In Lauren Greenfield’s documentary The Queen of Versailles, the lending crisis’ fallout trickles up as well as down, showering ruin on time-share mogul David Siegel and his wife, Jacqueline. No less constructed than any of her husband’s complexes, which offer people of modest means a fleeting taste of the good life, working-class beauty queen Jackie is a cosmetic monstrosity, as plasticized and overinflated as her buddy Donatella Versace, but Greenfield bores through her Botox-hardened skin, finding a subject whose lack of self-awareness makes her alternately endearing and repellent.
Like so many Americans, including those who’ve made no-money-down investments in Siegel’s resorts, the couple is leveraged to the hilt; so when the economic crisis hits, they’re totally unprepared for the credit freeze. The Vegas skyscraper planned as the crown jewel of Siegel’s empire is shuttered before it’s open, and the 90,000-square-foot house — the one that gives the film its title — that was to be the world’s largest private dwelling stalls out as a half-built shell.

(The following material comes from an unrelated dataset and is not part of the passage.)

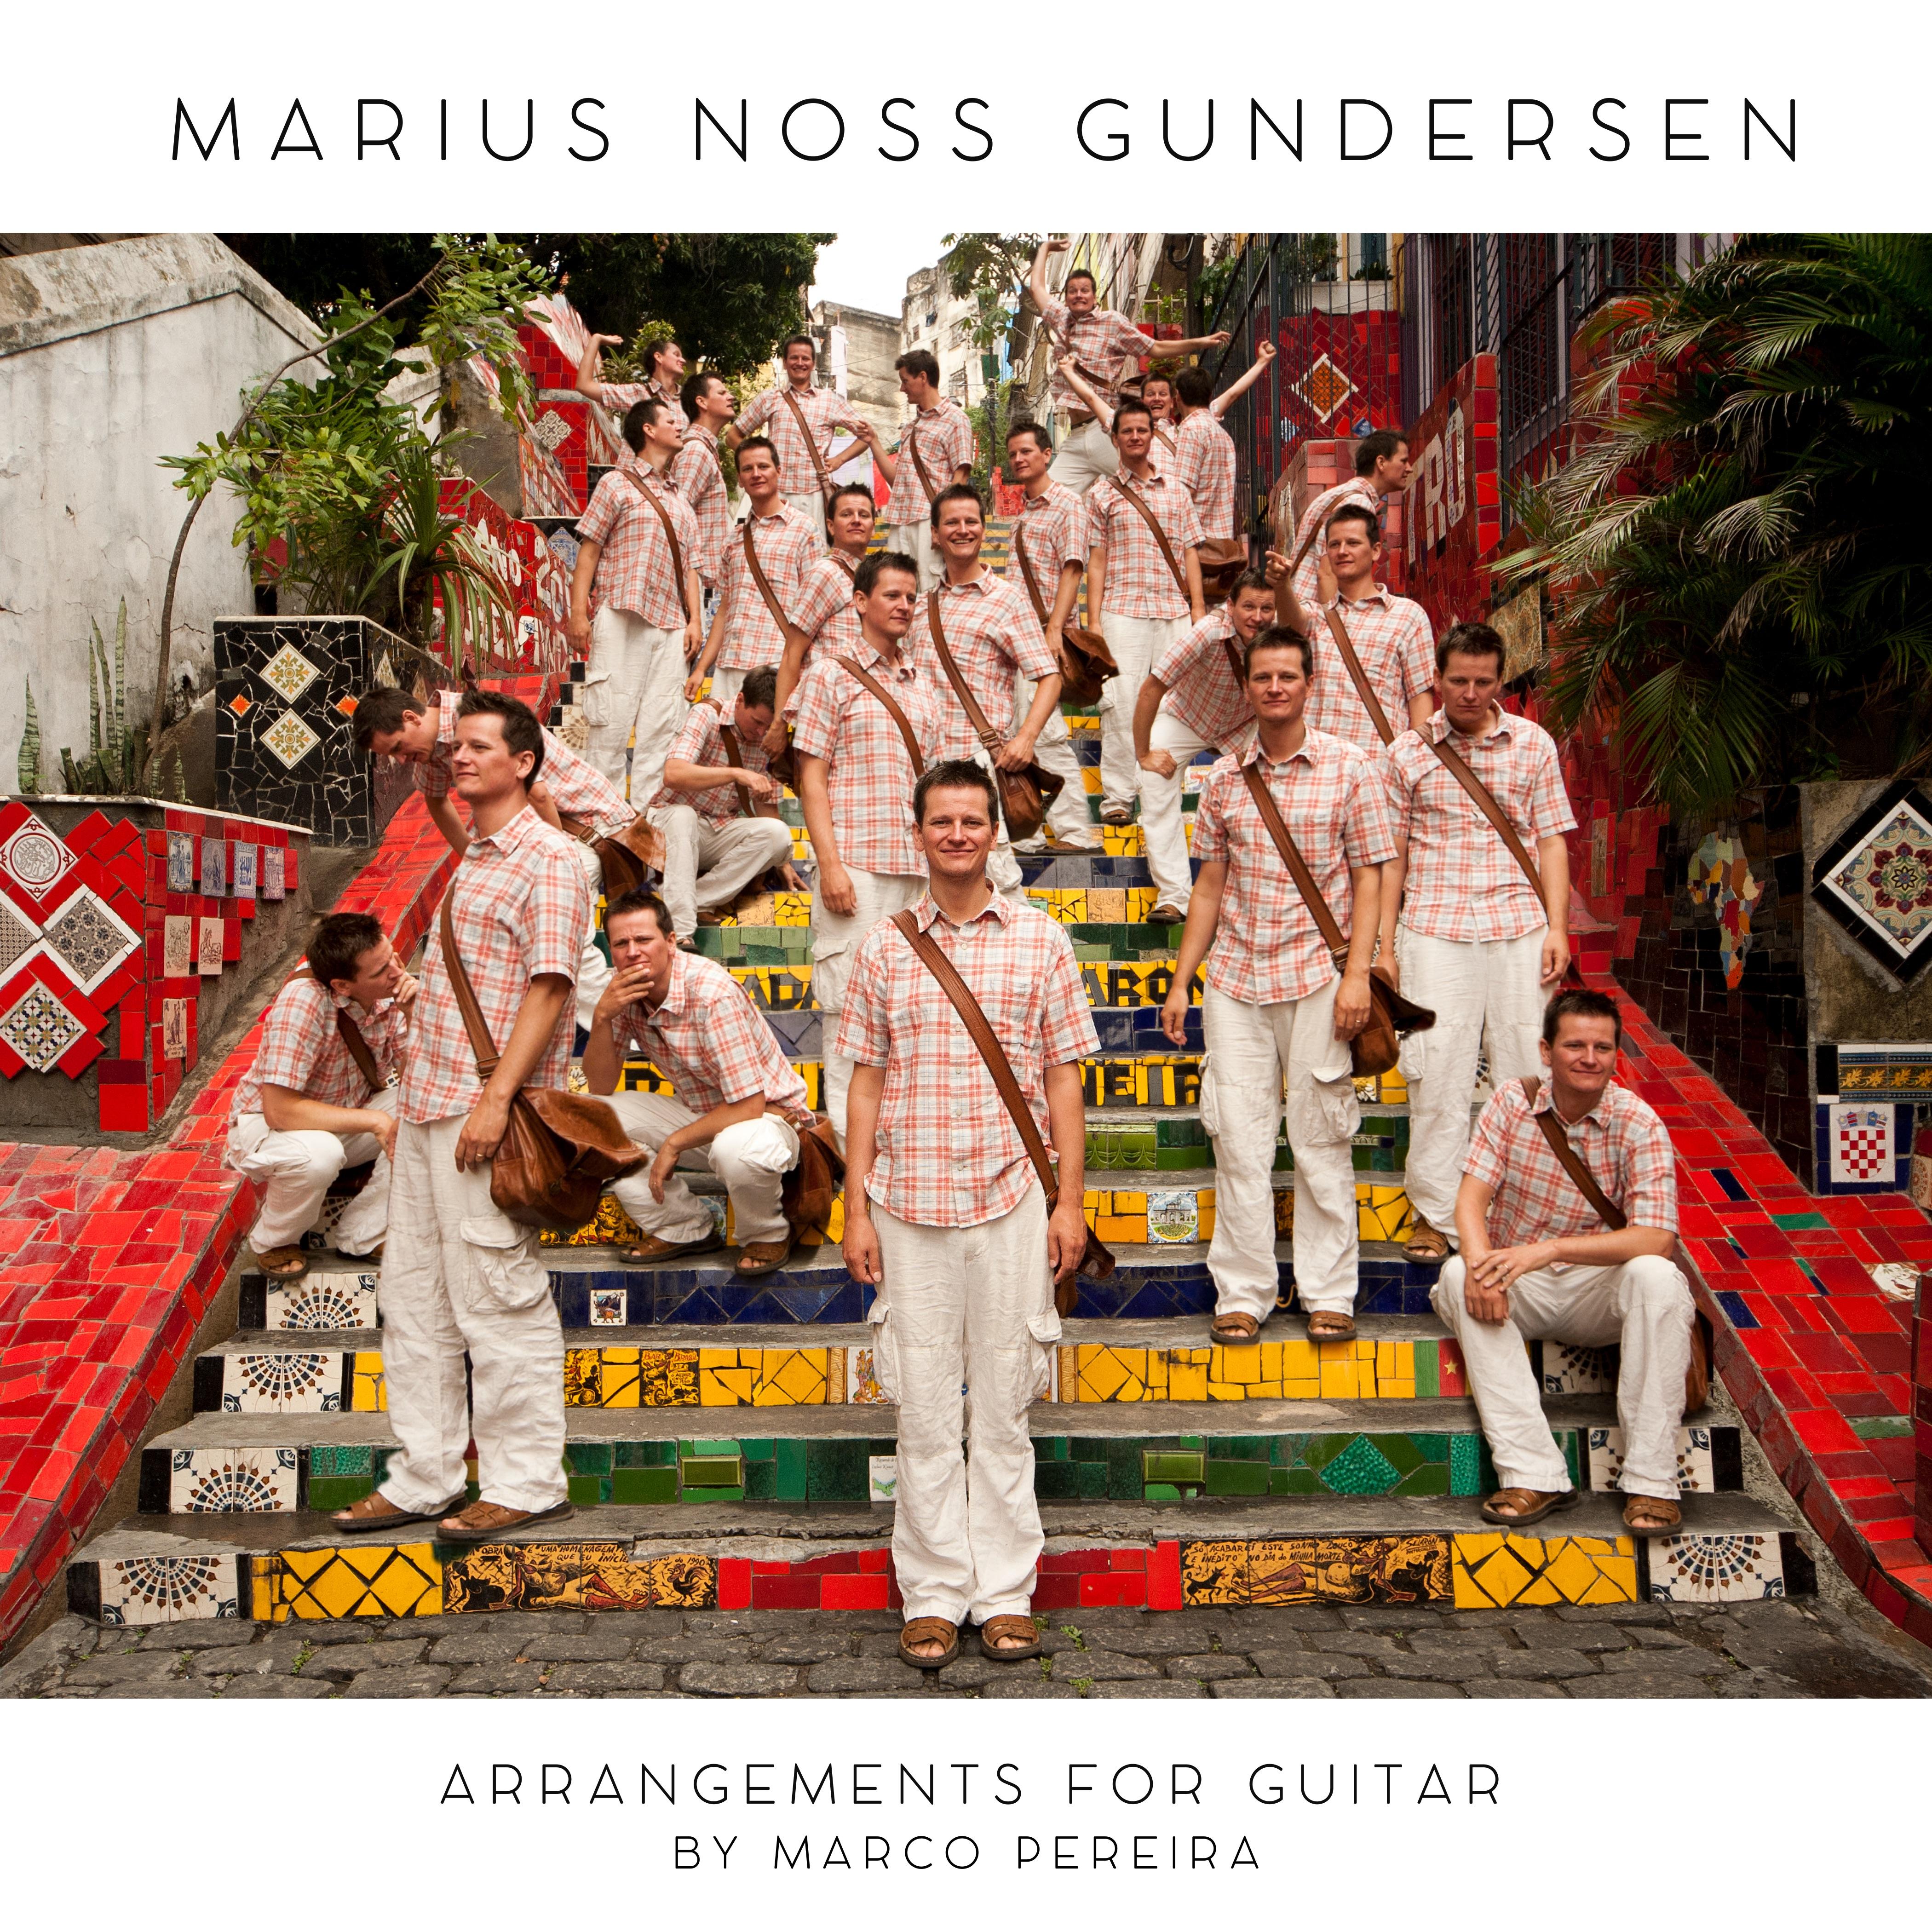 MARIUS GUNDERSEN - Arrangements For Guitar By Marco Pereira cover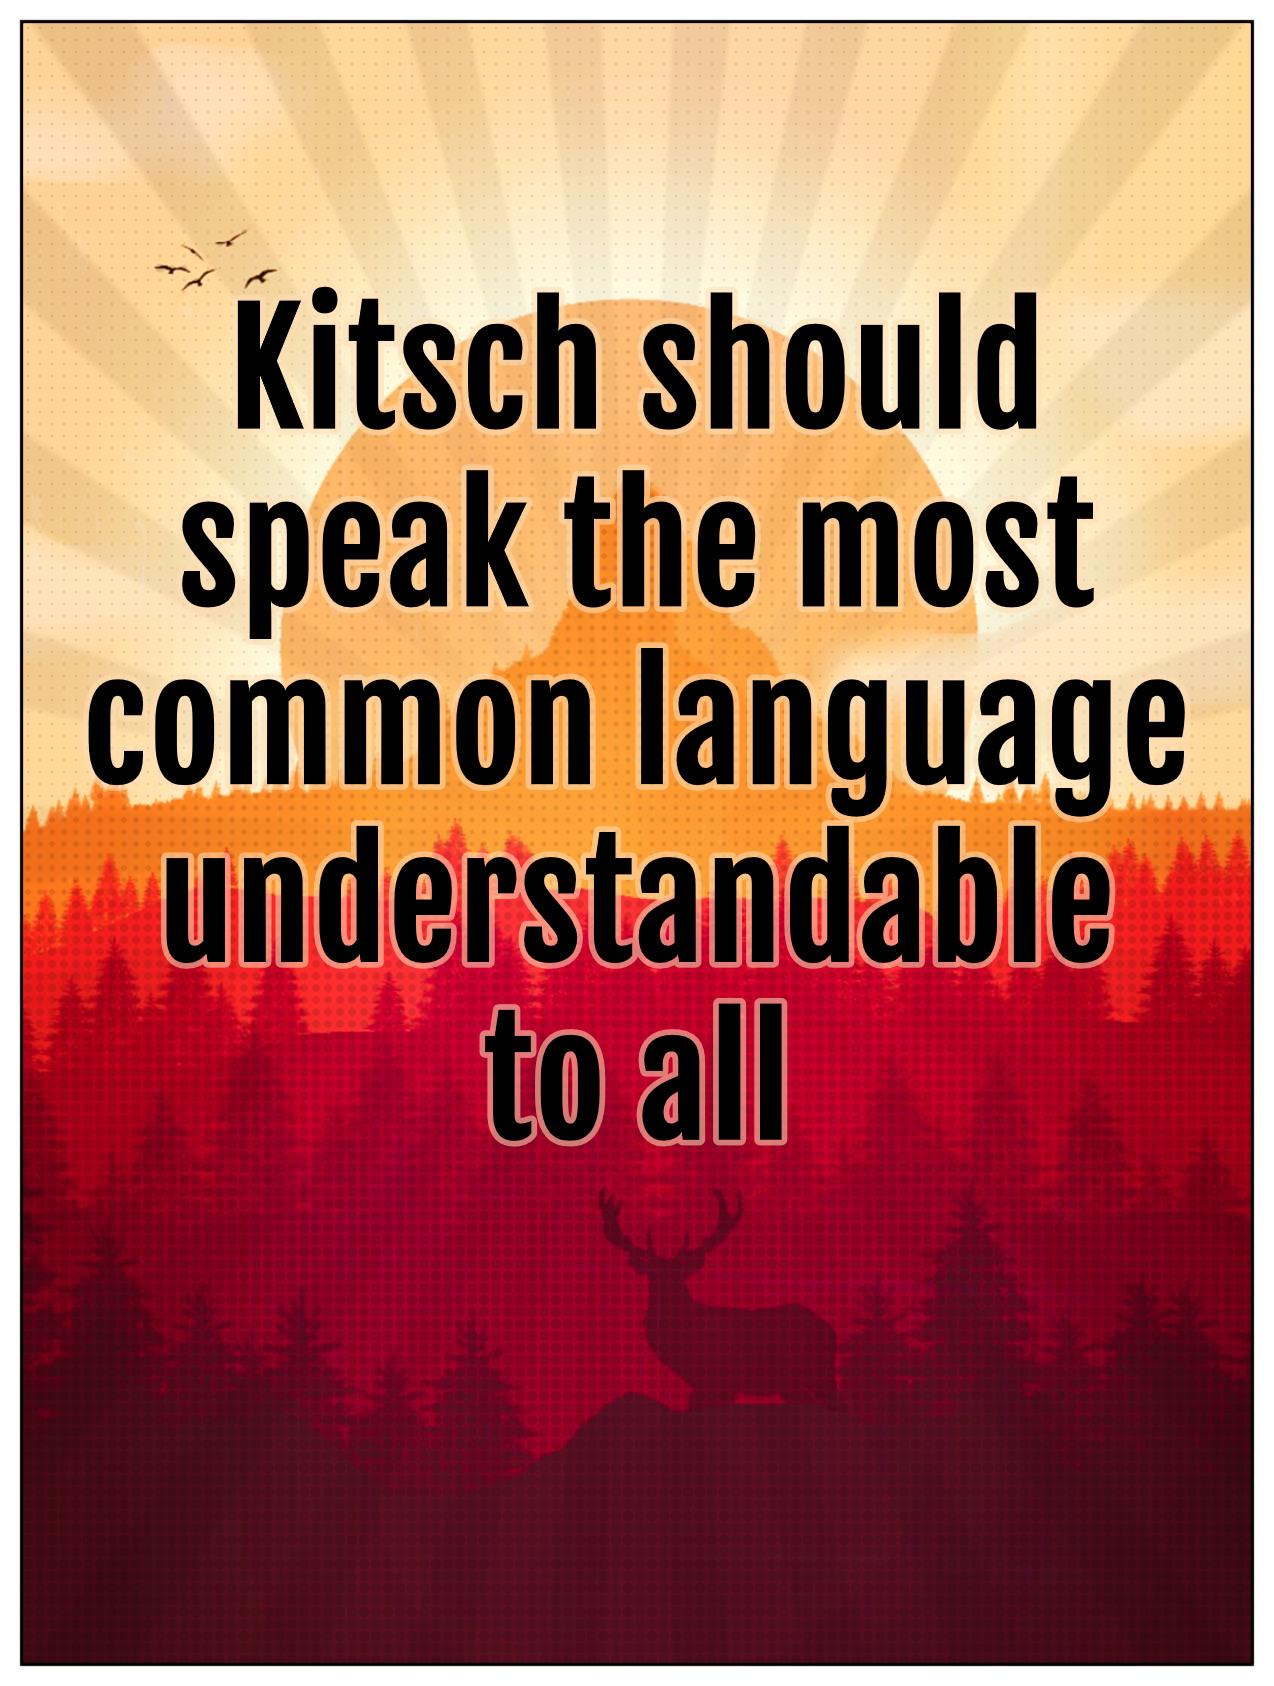 bekitschig blog Kitsch should sspeak the most common language understandable to all Tomas Kulka

By focusing on Jackie rather than her prickly, short-tempered husband, Greenfield elicits surprising sympathy for her 1-percent protagonists, although at the price of severely limiting the film’s scope. Siegel talks about the crushing decision to lay off 5,000 workers, but they remain numbers on a balance sheet. Greenfield and her film fall prey to a serious case of Stockholm Syndrome, glossing over those whom her subjects have themselves held hostage.